The second part of the bomb was the wire that led to the triggering device. The triggering device was actually plastic and aluminum. Once the parts were together, the device was armed. When Devereaux opened the door of the room, he would pull the trigger on his own bomb and send himself to his own death. It had not worked in that room in Washington but Henry McGee didn’t have time to fool around with Devereaux, time to stalk him and shoot him down. This was going to have to do. It would do. Even a cat runs out of lives; Devereaux wouldn’t survive again.

And the beauty part was that Devereaux wouldn’t expect it again. Not twice. Not from the same man.

Henry McGee began to hum as he worked in the half darkness of the anonymous hotel room. Great London was mute beyond the double-paned windows and the throb of traffic stilled.

Arming the trigger was like operating a money clip that has a spring to hold the money against the metal side. Once the spring is pushed down, the tension holds the paper currency tight; and once the spring is released, the money slips away.

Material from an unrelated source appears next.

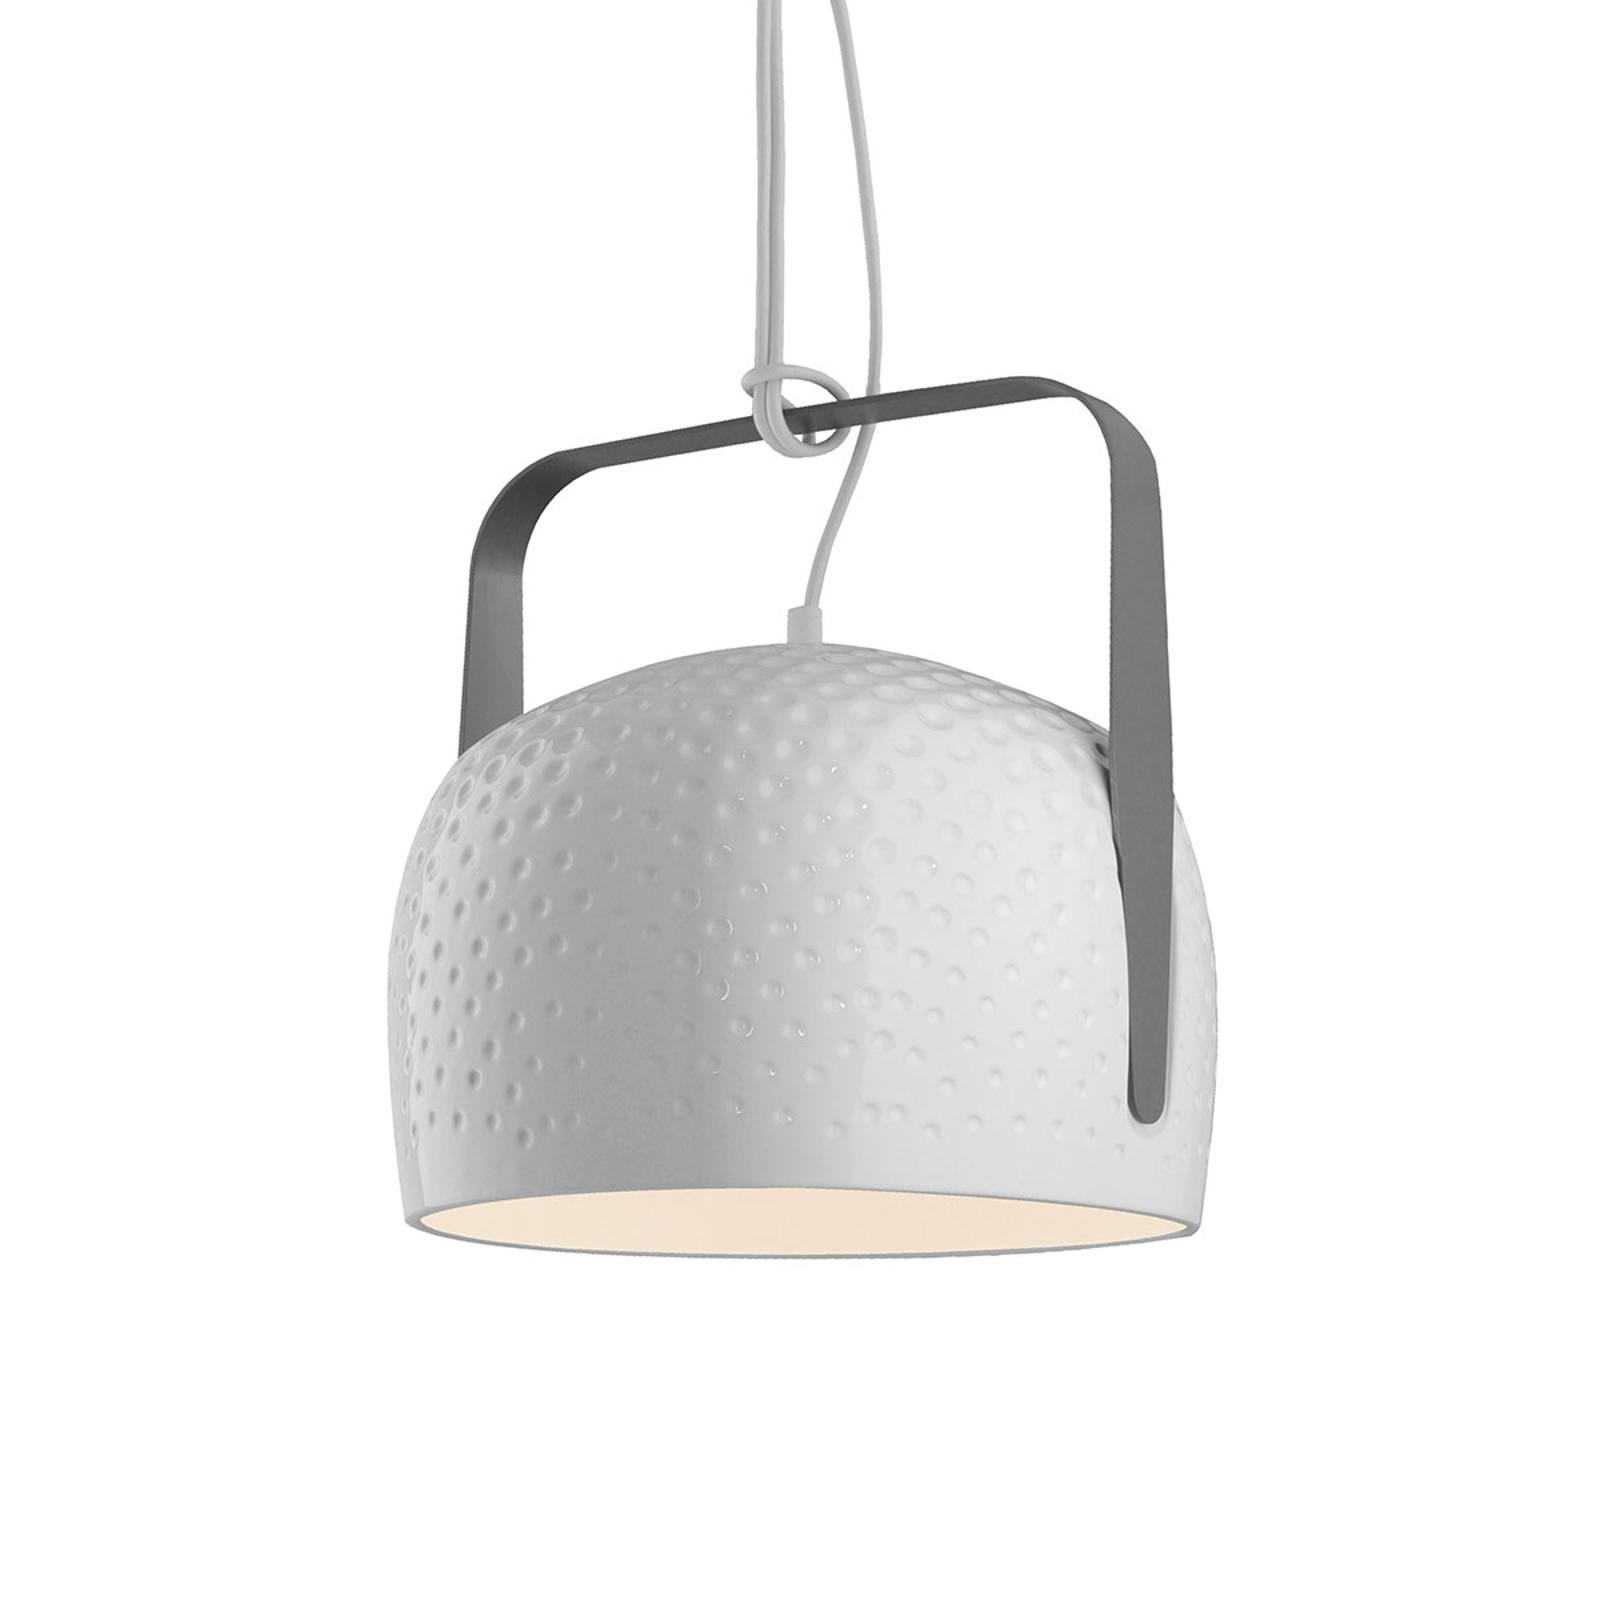 Karman Bag - biała lampa wisząca 21 cm struktura

He was humming “Amazing Grace,” he realized. What dim time in memory of childhood had the song been retrieved from? The Methodist church in the village in the bleak Alaskan tundra where he was raised?

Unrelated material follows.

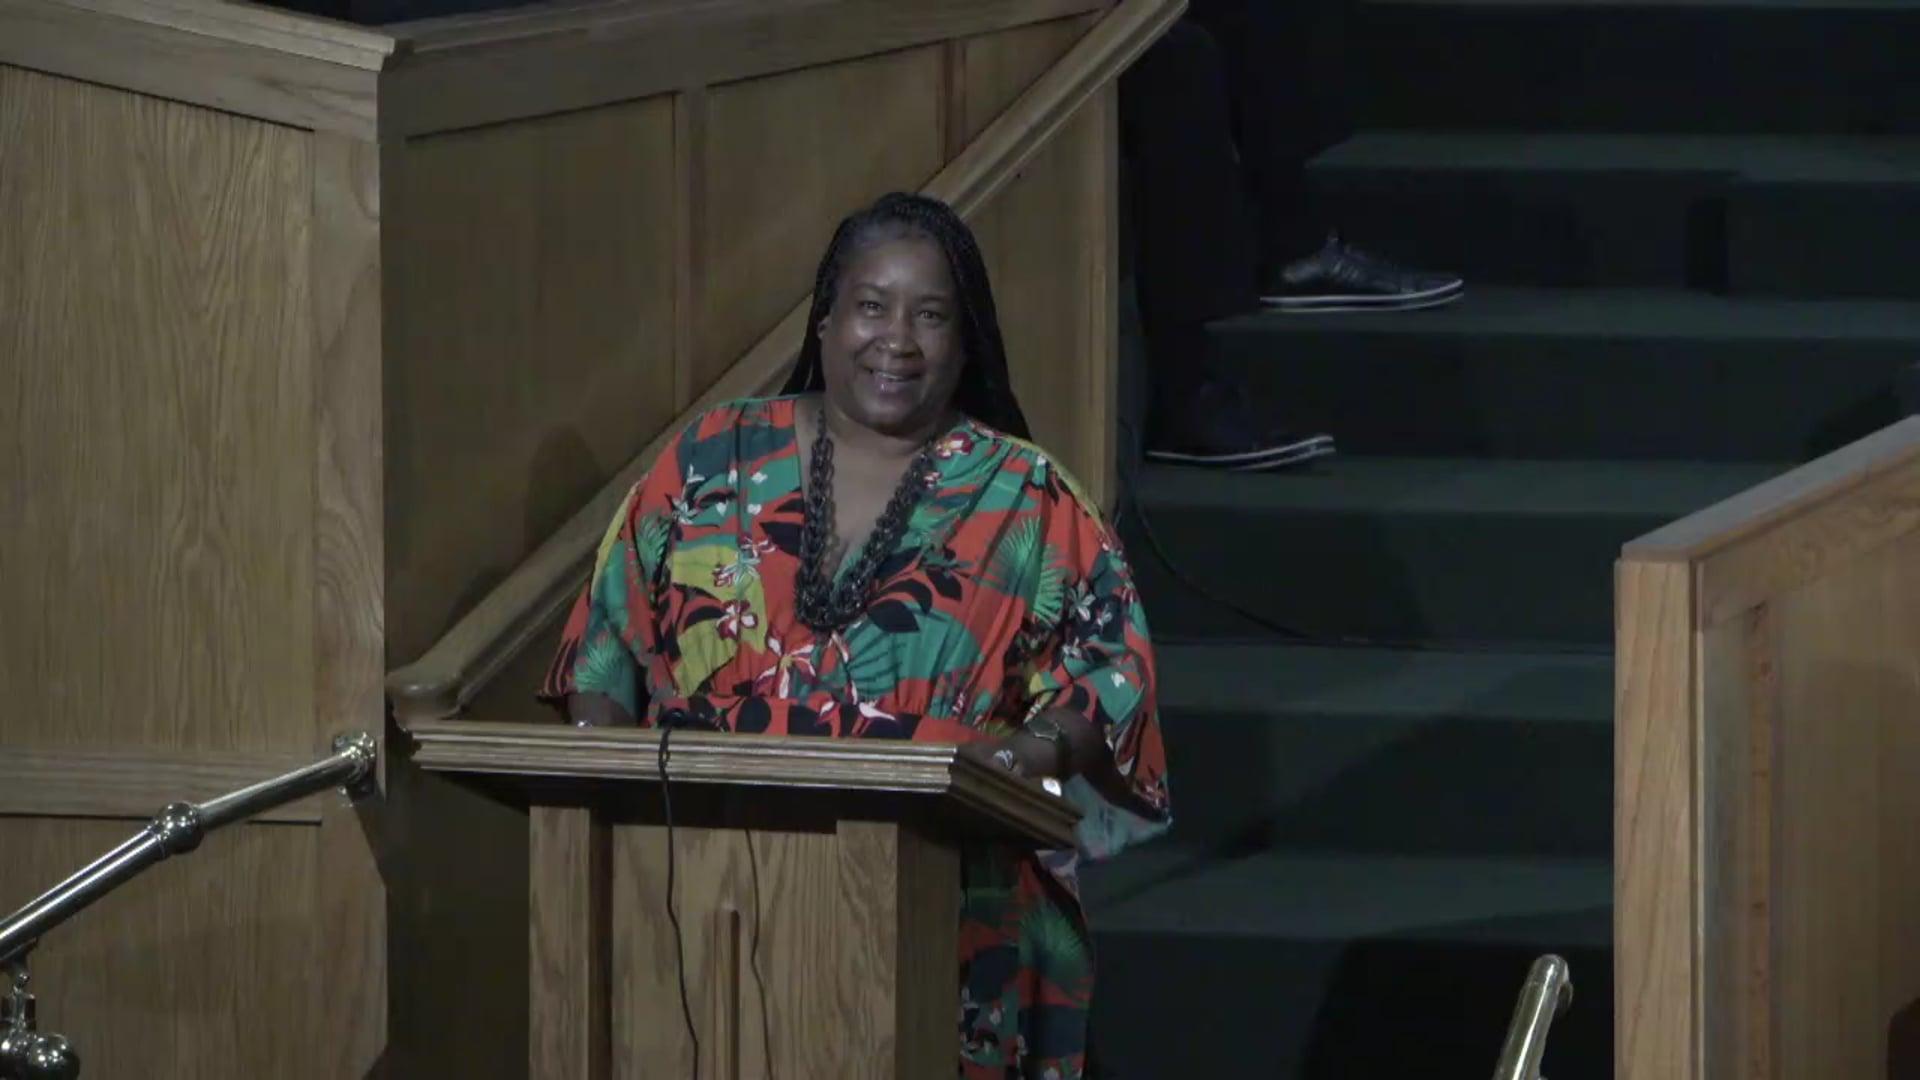 Mt Zion return to indoor worship       Aug 15, 2021

“… that saved a wretch like me? I once was lost, but now I’m found, Was blind but now I see…”

There. It was finished. He got up from the chair and went to the door.

He paused at the knock.

Who the hell was knocking at the door? Devereaux wasn’t knocking at the door of his own room. The bed was made, it was late morning, it couldn’t be the maid again.

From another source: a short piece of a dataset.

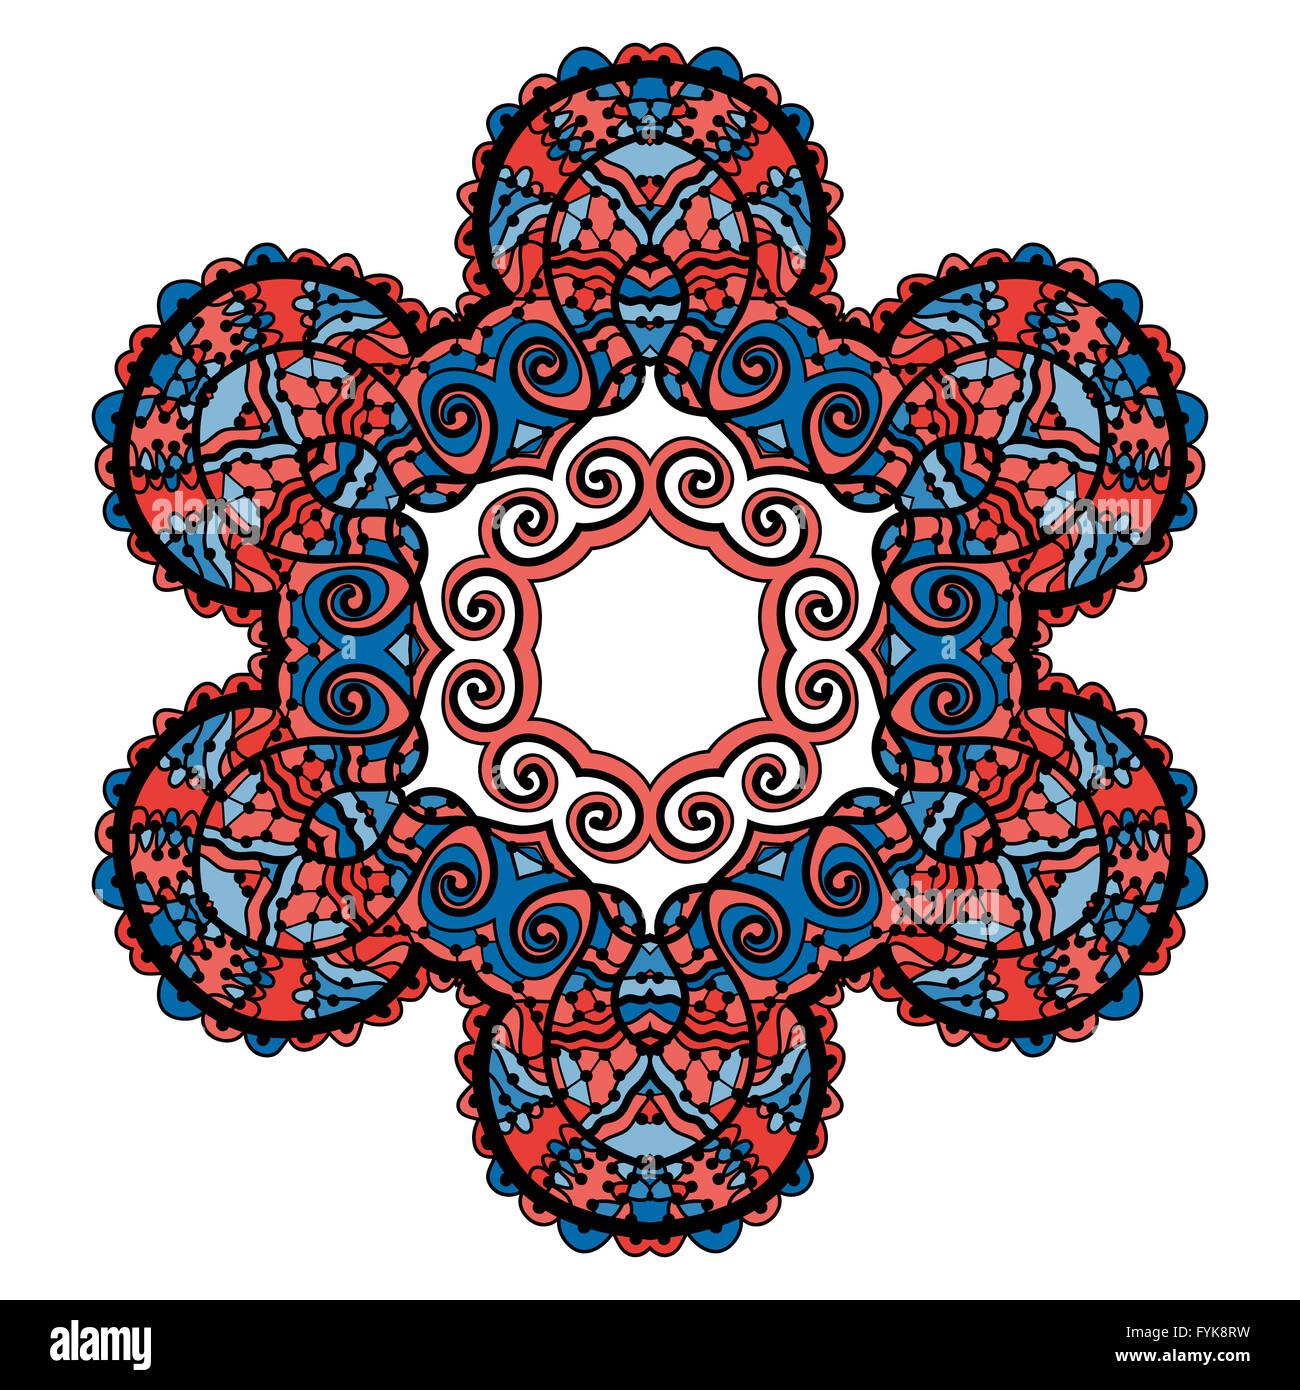 Stylized tribal mandala circle decorative spiritual indian symbol stylized tribal mandala circle decorative spiritual indian symbol of lotus flower round ornament pattern vector illustration izmirmasajfo

He listened to the knock again. And then he heard the voice.

“Dev.”

Jesus Christ. He smiled. A fucking girl. Devereaux was nearly as much of a cocksman as he was.

He went to the door and opened it.

It was her.

The girl in the parking lot. The girlfriend. Rita Macklin. They both fucking didn’t die. He had killed them both and they both didn’t die.

She just stared at him because she had never seen him before but she knew — knew right to her heart — exactly who he was. She was before the beast and it took her breath away for a moment and then she realized the beast could move.

He reached for her arm just as she had decided to turn and run down the hall.

He pulled her into the room and slammed the door with his foot. She started to scream and he slapped her very hard across the face and the blow stunned her to silence. He pushed her down on the bed and knelt over her and grinned down at her.

“You got more than one life, too, huh, honey? You know I was the one shot you. You went down easy enough, you must be a late kill, huh? You and Devereaux. What’s Devereaux’s girlfriend look like under those clothes?”

He had knelt on her arms and all she could do was shake her head back and forth in struggle. Henry grinned at her helplessness and then he thought about it. He really didn’t know how much time he had and the girl was a complication.

Damn, he nearly said aloud.

Slowly, he crawled off her. He could use the sheets, he decided, and pulled a knife out of his pocket. She gasped and thought it was meant for her.

Henry smiled. “No, honey, I ain’t got time for folderol today. After tomorrow, I’ll have plenty of time and money but you won’t be around after tomorrow. So why don’t we just end it here, what do you say?”

“What the hell are you talking about?”

He grabbed the top sheet and started a tear with the knife. She was dressed for travel — jeans, sweater, flat jogging shoes — and she started to get up from the bed.